Projekt in HELLERAU: Erster Akt Dieses Werk wurde für ein Theaterfestival konzipiert – ich wollte einen kleinen Raum in eine Bühne verwandeln, auf der Ruinen die Vorhänge ersetzen und geheimnisvolle Figuren in den Zwischenräumen auftauchen, in denen eigentlich die Fenster waren. Zwischen den Plattenbauten – Schauplatz der jüngsten, wegweisenden Videos des russischen Rappers Husky und der Kunst-Punk-Gruppe Shortparis – wachsen statt Blüten wilde Blumen mit androgynen Bildern von Majakovsky, Khlebnikov und Kharms. Musik, Poesie – die neuen 20er Jahre. Feministinnen betreten den öffentlichen Raum mit poetischen Slogans, und in den U-Bahn-Wagen beginnen die für das experimentelle Theater typischen improvisierten Dialoge. Aktionismus, Protest, Gender. Währenddessen sind halluzinogene Szenen aus Werken von Viktor Pelevin im Gange, mit ihren Showdowns zwischen Angeklagten, Anwälten und Staatsanwälten im Inneren, auf der Suche nach einer vierten Partei, die über jeder Situation stehen würde. Literatur, Theater, Mystik. Die heruntergekommenen Bühnenbilder, die von den russischen Behörden gebaut wurden, sollten offensichtlich zu einem weiteren „eisernen Vorhang“ werden, aber diese Ruinen sind der Berliner Mauer nicht gewachsen. Langweilig und erniedrigend sind die Versuche sowjetischer Charaktere, ihre sowjetischen Bühnenbilder in den 20er Jahren des einundzwanzigsten Jahrhunderts zu rekonstruieren. Es ist interessant, durch die vielen Tränen und Risse zu blicken, um das neue Leben, das dort beginnt, zu sehen.
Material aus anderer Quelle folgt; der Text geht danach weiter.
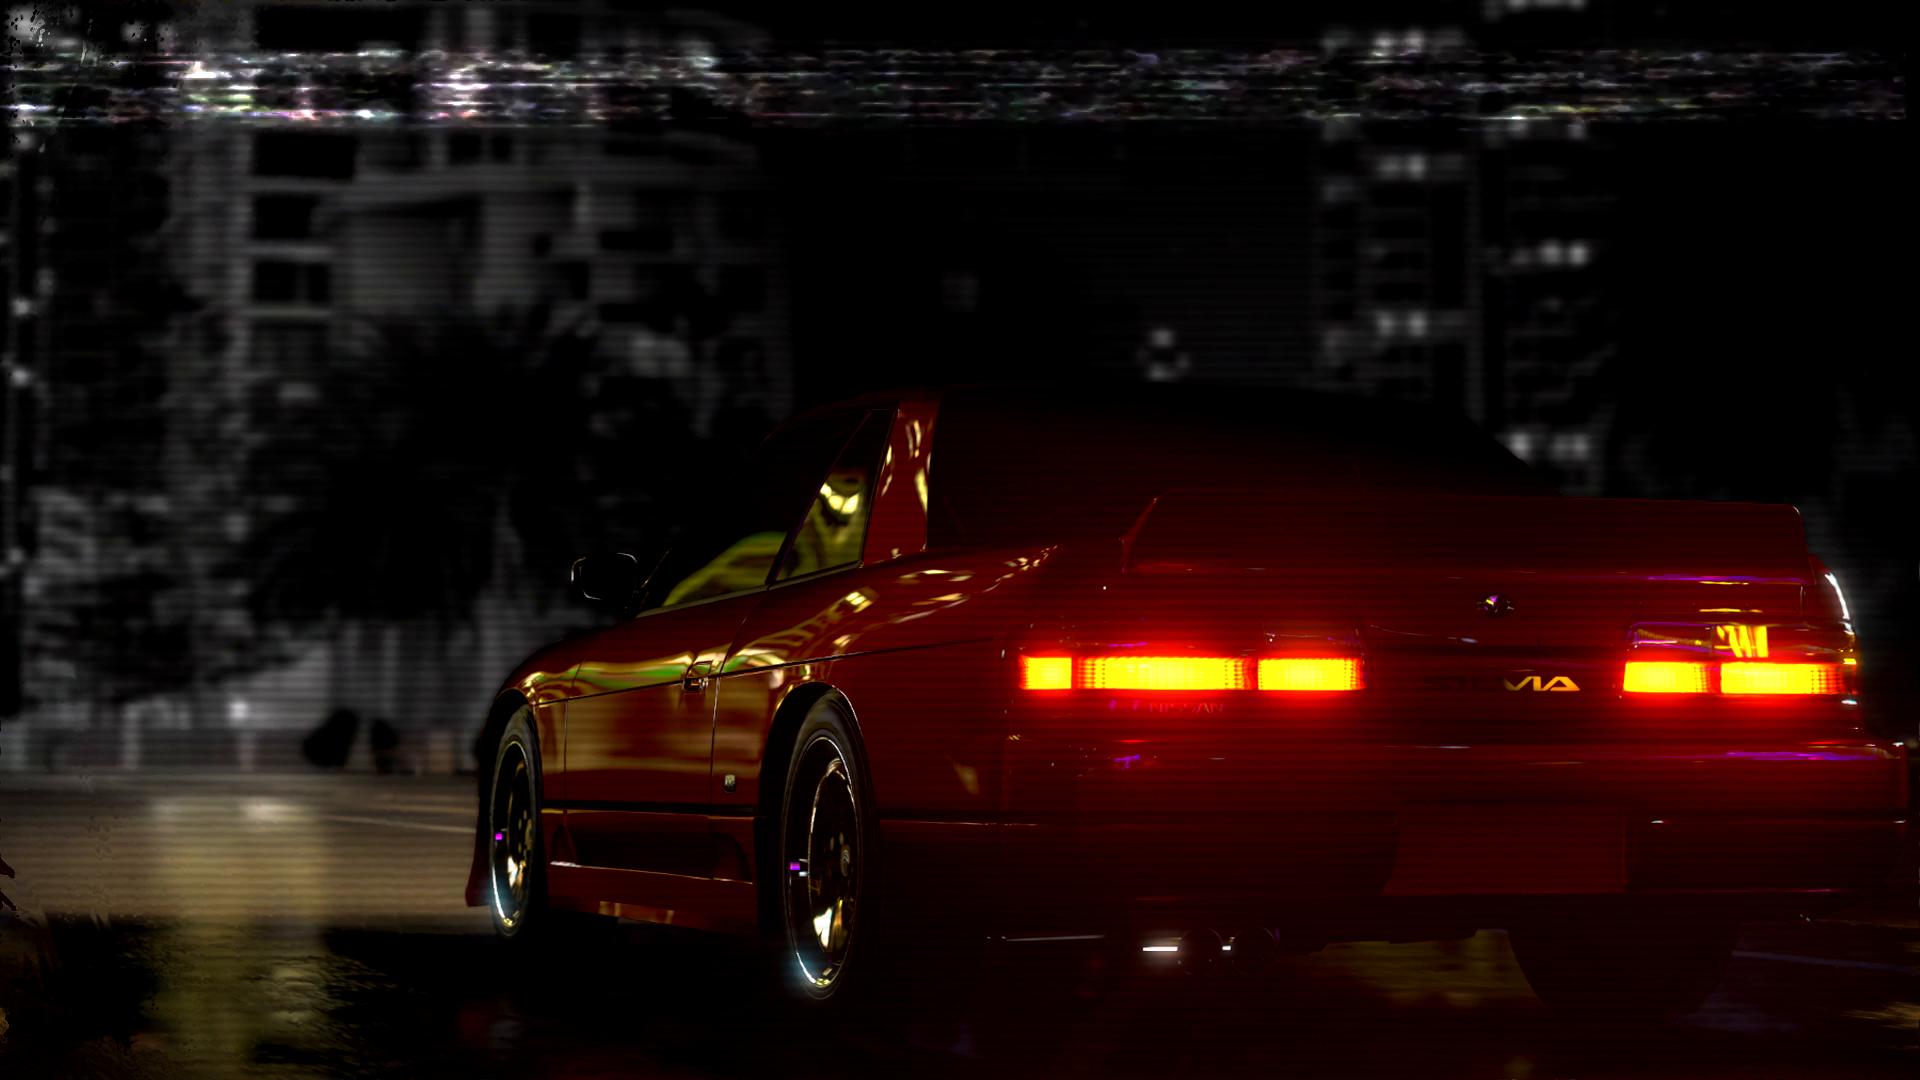 4288x2848  nissan silvia s13 wallpaper  Coolwallpapersme

Was inspiriert dich? Mexikanische Wandmaler:innen der 20er Jahre, russische Poesie, Videoclips von Haski und Shortparis, künstlerische Aktionen in öffentlichen Räumen, Frechheit. 

Deine ersten drei Gedanken zu HELLERAU? Mir gefällt es, dass sich das HELLERAU-Ensemble am Stadtrand Dresdens befindet und mich nichts von der Arbeit an der Grafischen Reportage ablenkt. Jeden Tag verlasse ich das Gästehaus, überquere den Hof und trete in das Schloss der Kunst mit den Yin-und-Yang- Zeichen auf der Fassade ein. Wie im Traum. Mir gefällt es, dass die Organisator:innen in HELLERAU einen Drang zu komischen, geheimnisvollen Sachen besitzen, welche nicht eindeutig interpretierbar sind. Hier liegen die Akzente nicht auf der Herstellung nützlicher politischer Aussagen, sondern auf der Schaffung interessanter Kunstwerke, und das unterstütze ich vollkommen. Mir gefällt es, dass ich in Dresden auf dem Karussell-Festival Aufführungen gesehen habe, zu welchen ich es in Russland nie geschafft hätte. Ich spüre, dass das Eintauchen in die Theaterkunst eine deutliche Auswirkung auf meine neue Arbeiten haben wird. 

Wie würdest du deine Arbeitsweise beschreiben? Zuerst wird das allgemeine Gesicht geboren. Dieses Fresko ist die erste Struktur, an der ich mich orientiere, Ruinen, in denen wilde Blumen und seltsame Wesen wachsen. Dann werden die Verfeinerungen gemacht: zum Beispiel erscheint eine Blume, die statt Knospen moderne Dichter-Musiker trägt; ein U-Bahn-Wagen erscheint, der statt Mauern den Sternenhimmel trägt, und so weiter. Die Arbeit an den Skizzen ist die anstrengendste und intensivste und das Zeichnen der Fresken ist eher entspannend, ich erschöpfe mich körperlich mehr. Ich höre meine Lieblingsmusik, falle in Trance, male an die Wände und plötzlich bin ich in einer Welt, die ich selbst gemalt habe.